DFID also supports country-focused work on the issue. In Ghana, we support an Access to Medicines Initiative (ATMI) through the Ghana National Drugs Programme that includes work on TRIPS flexibilities. The DFID Health Resource Centre commissioned a series of studies that looked at access to medicines in under-served markets, including country case studies in Kenya and Malawi. A study on China and India investigates the effects of changing intellectual property legislation on the pharmaceutical industry in these countries, and in a recent update, the consequences of the alignment with TRIPS obligations in 2005.

Palestinian Authority

Mrs. Curtis-Thomas: To ask the Secretary of State for International Development what measures are in place to ensure accountability for funds transferred from (a) the UK and (b) the European Union for development assistance in the Palestinian Authority; and if he will make a statement. [35433]
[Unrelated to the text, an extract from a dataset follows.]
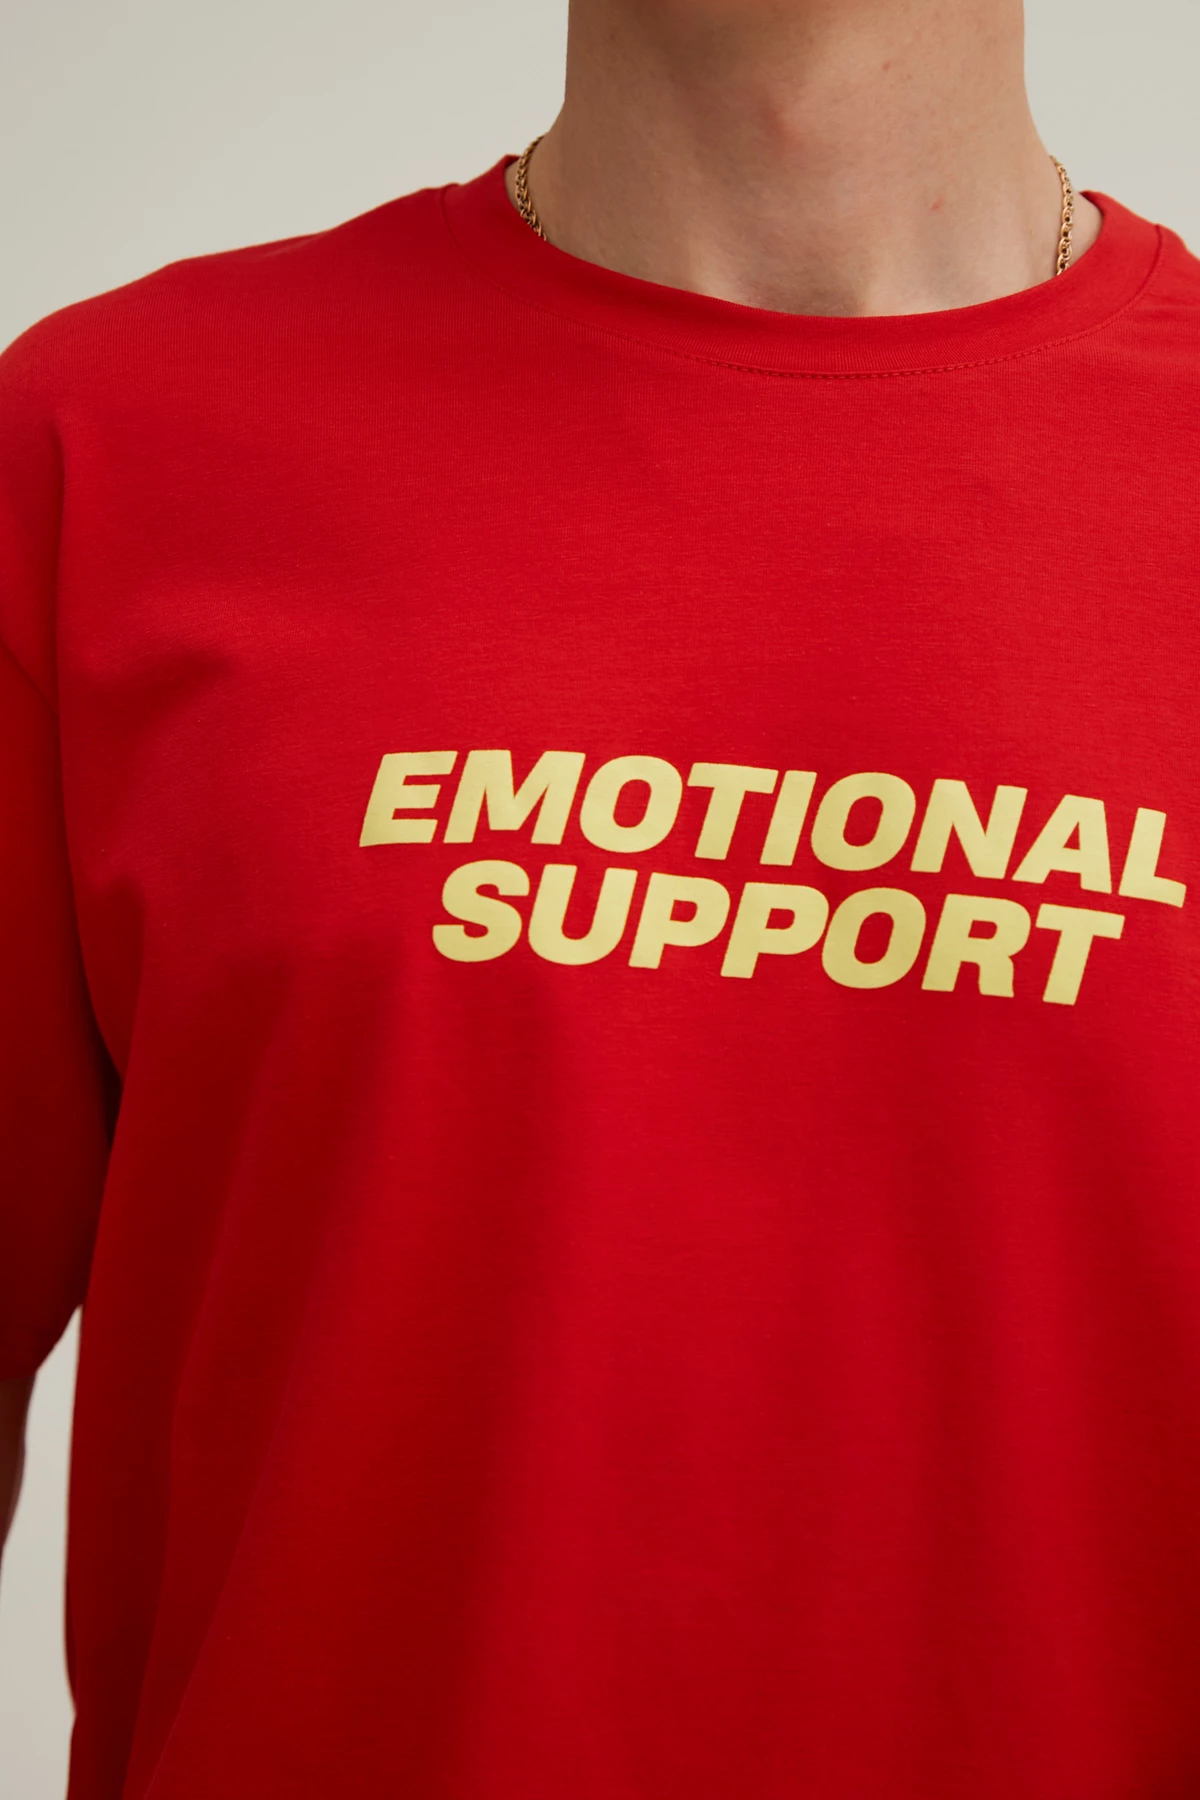 Red jersey unisex T-shirt "Emotional support", photo 8

Mr. Thomas: Both the UK Government and the European Commission take concerns over the use of aid very seriously. DFID has co-ordinated closely with the European Commission, the International Monetary Fund, the World Bank and other donors in ensuring that the Palestinian Authority (PA) makes proper use of donor funds.

Since 2004, part of both UK and European Community (EC) funding for the Palestinians has been provided to the PA budget through the World Bank-managed Reform Trust Fund. Release of funds is linked to the achievement of benchmarks for reform. Progress is carefully monitored. This process has helped the PA to improve its financial control and management. It also reflects our commitment that aid should be properly accounted for, used for the intended purposes and represent value for money. Other forms of UK and EC assistance for Palestinians have been provided through organisations whose accounts are reliably audited.